Poor Michael Phelps.  At age 23, he scrambles to issue a public apology and most certainly has lost endorsement income over indulging in a personal indiscrection that Willie Nelson, well into his 70s, freely celebrates and embraces all the time.

So what’s the difference between the Olympic champion and the country singer?  It all comes down to their personal brands.

For decades, Willie Nelson has carefully cultivated the outlaw image.  He’s the red-headed stranger who has laughed at the music establishment and glorified hell raising and womanizing in his music and persona.  He’s openly lived a nomadic life of debauchery that would make Keith Richards proud.

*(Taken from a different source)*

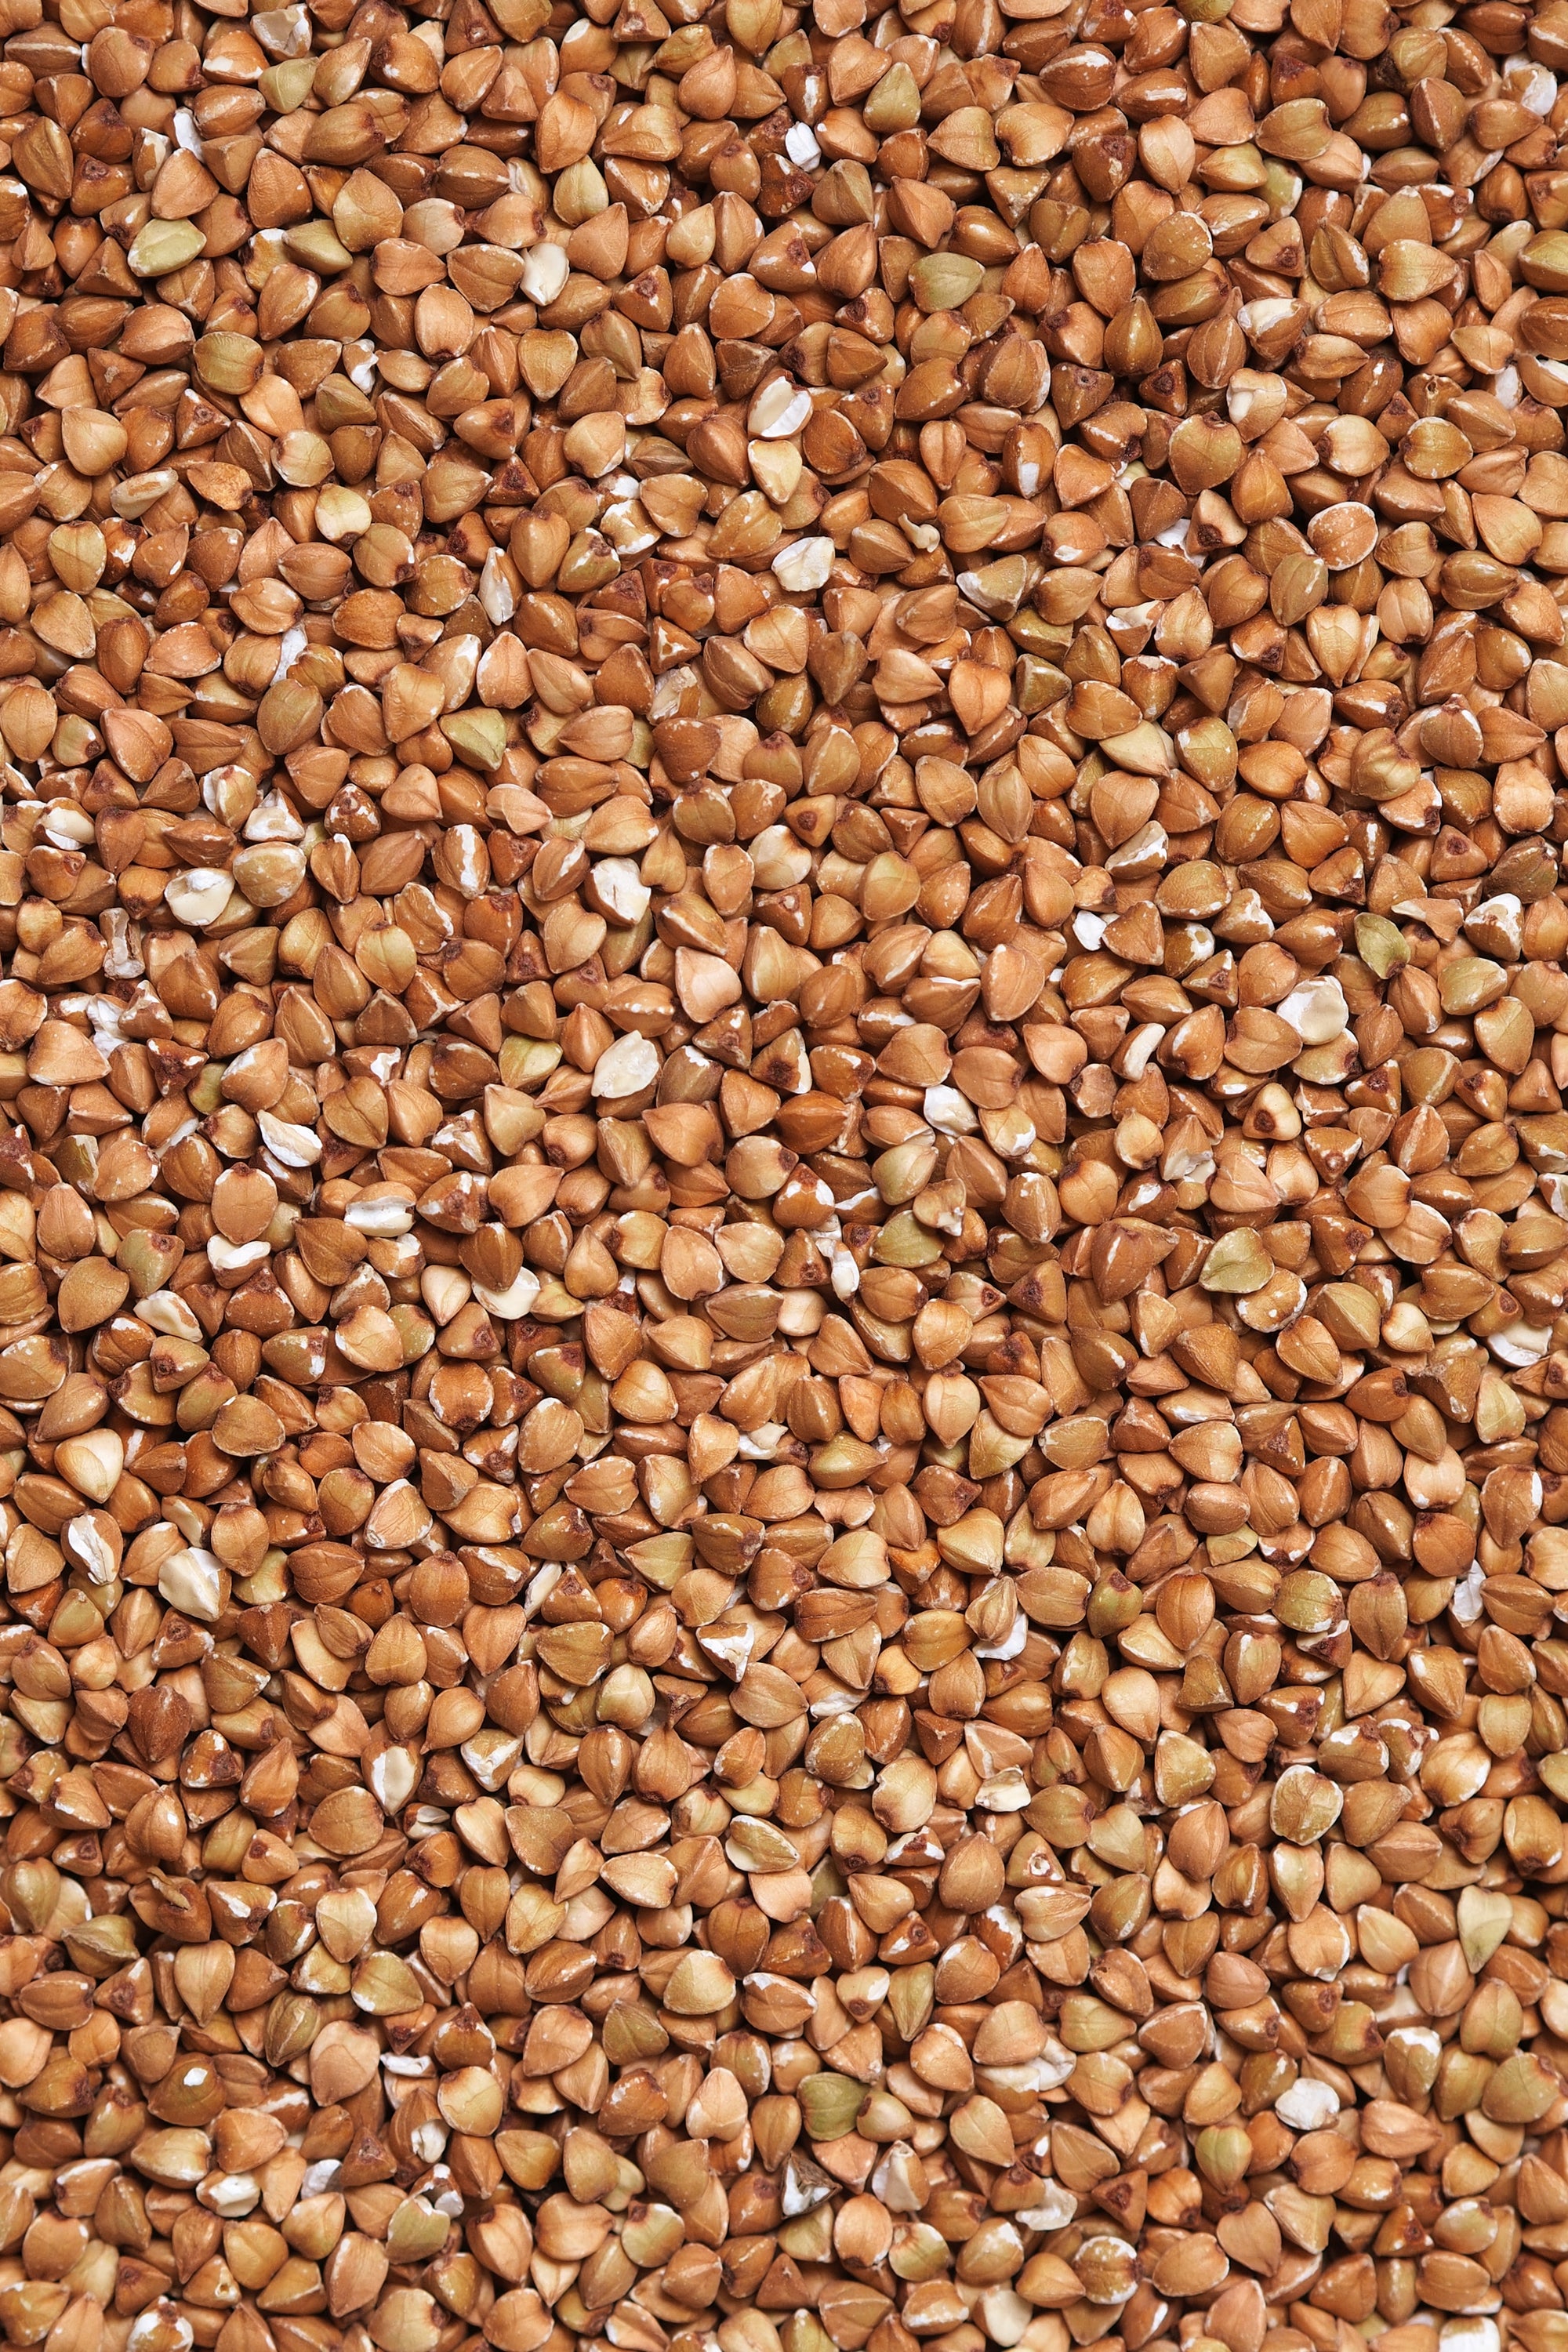 Buckwheat: The Superfood You Need to Add to Your Diet

On a live VH1 Storytellers album Nelson recorded with Johnny Cash in 2002, you can hear him softly chuckling when he and Cash discuss their choice of coffee and water to drink during song breaks.

“What’s going to happen to our image?” Nelson asks Cash in mock horror at the prospect of drinking water over booze or perhaps something even stronger.

But Michael Phelps is not Willie Nelson.  He’s one of the all-time great Olympic champions who stands for grace, power, and performance.  His success has come not through steroids or reckless living but through honest, hard work.  That’s certainly what his agent Peter Carlisle wants you to believe.

Phelps’s sin wasn’t smoking from a marijuana bong pipe.  His public apology is really for violating the promise of his personal brand — a brand that encapsulates the purity of form.  (By contrast, if he were “Wild Man” John Matuszak, we’d expect him to drink bong water for breakfast.)

Tom Peters once wrote, “Big companies understand the importance of brands.  Today, in the Age of the Individual, you have to be your own brand.” And to that I would add: you are your own brand whether you realize it or not.

Wonder if Michael Phelps is starting to figure it out now?